_What the task asks_
Only lines that contain the word "London" belong in the answer; copy them from the records below.

[Entries taken from a collection]

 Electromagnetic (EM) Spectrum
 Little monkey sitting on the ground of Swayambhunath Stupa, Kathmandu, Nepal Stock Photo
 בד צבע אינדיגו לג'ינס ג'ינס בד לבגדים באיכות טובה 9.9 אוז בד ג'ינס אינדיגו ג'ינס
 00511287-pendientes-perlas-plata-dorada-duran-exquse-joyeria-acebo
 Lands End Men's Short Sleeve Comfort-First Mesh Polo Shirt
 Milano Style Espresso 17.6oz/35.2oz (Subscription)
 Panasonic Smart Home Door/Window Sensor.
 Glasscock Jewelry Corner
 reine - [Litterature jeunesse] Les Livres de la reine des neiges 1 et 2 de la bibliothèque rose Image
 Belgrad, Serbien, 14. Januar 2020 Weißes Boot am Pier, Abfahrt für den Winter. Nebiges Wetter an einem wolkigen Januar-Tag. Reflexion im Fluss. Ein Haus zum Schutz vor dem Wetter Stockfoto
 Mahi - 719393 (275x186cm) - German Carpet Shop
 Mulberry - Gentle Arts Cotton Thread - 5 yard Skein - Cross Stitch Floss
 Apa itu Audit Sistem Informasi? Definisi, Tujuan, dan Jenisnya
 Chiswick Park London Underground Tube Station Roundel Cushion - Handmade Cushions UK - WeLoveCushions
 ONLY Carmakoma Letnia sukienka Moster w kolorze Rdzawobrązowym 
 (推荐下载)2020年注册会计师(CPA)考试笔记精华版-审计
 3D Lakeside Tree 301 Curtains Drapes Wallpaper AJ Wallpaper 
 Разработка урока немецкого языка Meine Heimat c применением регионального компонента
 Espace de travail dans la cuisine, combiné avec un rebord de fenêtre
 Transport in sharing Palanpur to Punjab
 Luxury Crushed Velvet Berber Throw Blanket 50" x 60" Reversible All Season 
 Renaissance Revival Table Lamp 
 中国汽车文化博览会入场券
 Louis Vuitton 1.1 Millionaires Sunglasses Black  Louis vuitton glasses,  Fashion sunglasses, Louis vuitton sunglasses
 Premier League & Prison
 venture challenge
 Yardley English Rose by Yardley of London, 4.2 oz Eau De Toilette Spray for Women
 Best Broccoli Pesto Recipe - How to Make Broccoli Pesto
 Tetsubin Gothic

_Task response_
 Chiswick Park London Underground Tube Station Roundel Cushion - Handmade Cushions UK - WeLoveCushions
 Yardley English Rose by Yardley of London, 4.2 oz Eau De Toilette Spray for Women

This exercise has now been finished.